Right on guys. Very much appreciated. You really took some time to answer this.
 
2 quick notes as a TRI who recently scrambled into an IM spot.

1. Arrowhead no longer has a TRI program (the 1 open spot listed in the scramble was a mistake).

2. There are programs out there that will simply not interview TRI applicants. I had one program offer me an interview and, when they realized I was a TRI, rescind it.
 
2 quick notes as a TRI who recently scrambled into an IM spot.

1. Arrowhead no longer has a TRI program (the 1 open spot listed in the scramble was a mistake).

2. There are programs out there that will simply not interview TRI applicants. I had one program offer me an interview and, when they realized I was a TRI, rescind it.
That's pretty rough! I'm assuming that this doesn't apply to programs which start in PGY-2 though, right? Also, is a TRI given lower priority than a medicine internship if you're going into a non-surgical residency?
 
...2. There are programs out there that will simply not interview TRI applicants. I had one program offer me an interview and, when they realized I was a TRI, rescind it.

That's just ridiculous. Leave it to AOA programs to think more training is inherently bad.

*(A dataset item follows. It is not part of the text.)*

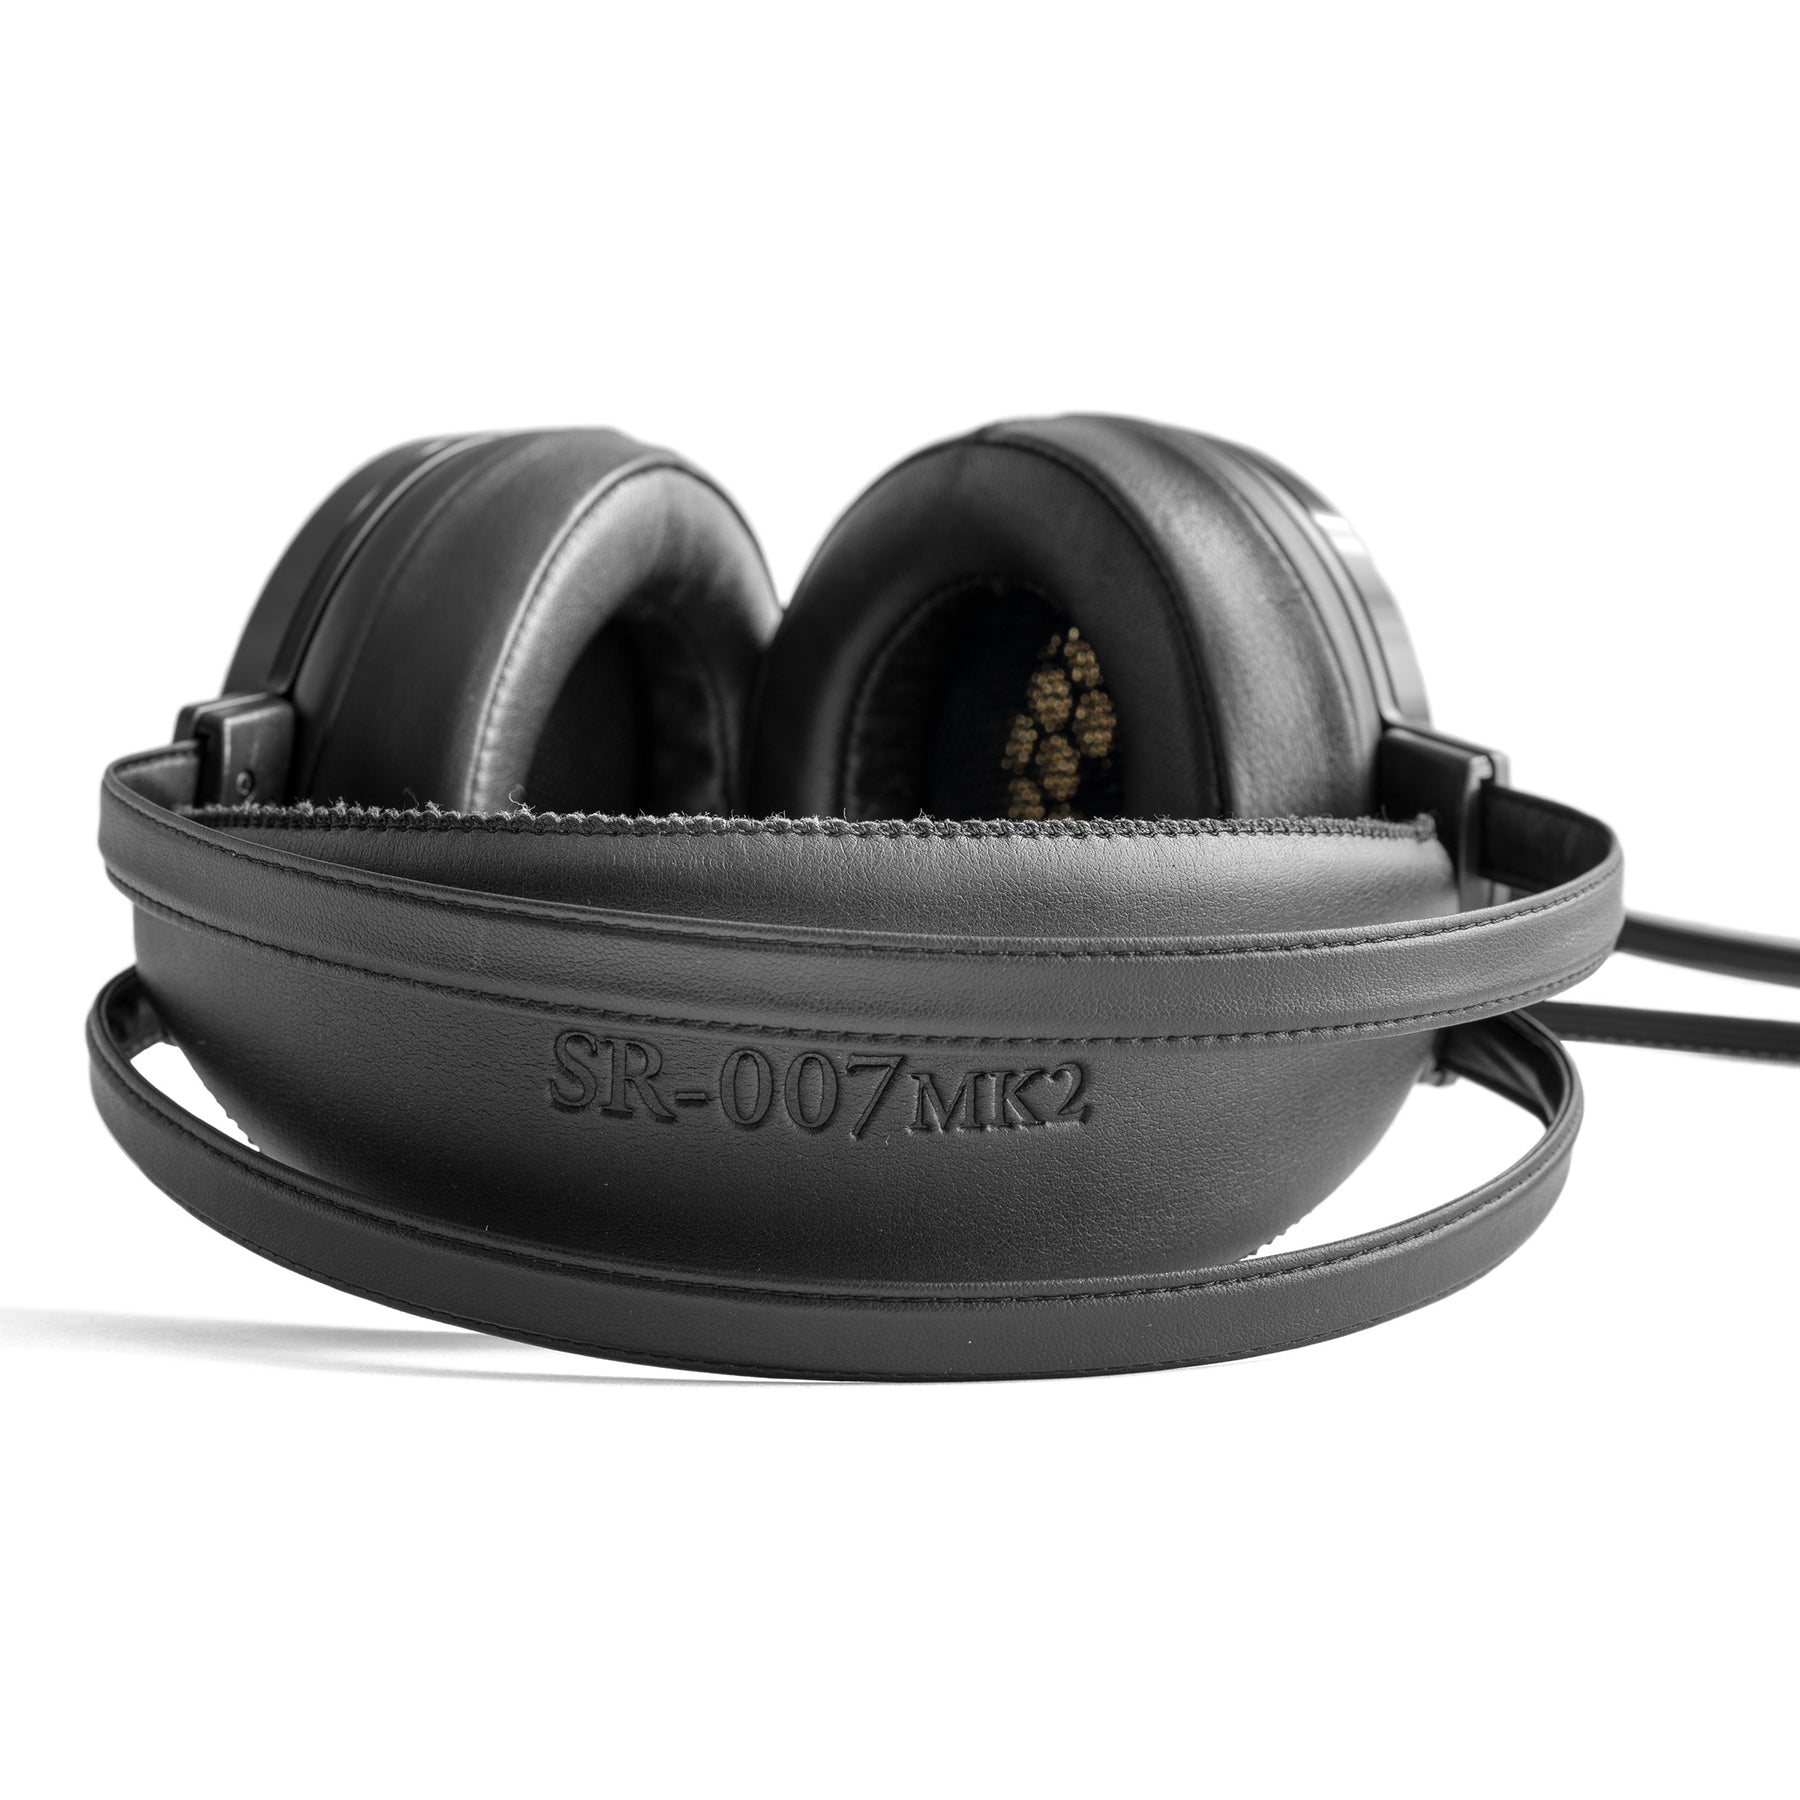 Stax SR-007MK2 Reference Earspeaker

That's pretty rough! I'm assuming that this doesn't apply to programs which start in PGY-2 though, right? Also, is a TRI given lower priority than a medicine internship if you're going into a non-surgical residency?

As far as I know, you for the most part apply for PGY2 positions the year before (i.e. before intern year). The only real exemption to this is Derm.
 
That's pretty rough! I'm assuming that this doesn't apply to programs which start in PGY-2 though, right? Also, is a TRI given lower priority than a medicine internship if you're going into a non-surgical residency?
On the AOA side, it doesn't matter since there is no prelim medicine or prelim surgery residencies. The only non-categorical internship is the TRI. How it compares to the ACGME side? I honestly don't know.
 
That's just ridiculous. Leave it to AOA programs to think more training is inherently bad.

They blamed "funding issues." That said, there are plenty of terrible terrible TRI residencies out there (as a med student I heard the program director of a TRI and a community based FM program tell his interns that he "doesn't want them to think, just do what he tells them to do"). I can see the hesitancy for accepting someone who has a TRI over a fresh med school grad if you aren't sure how much you're going to have to retrain your new intern.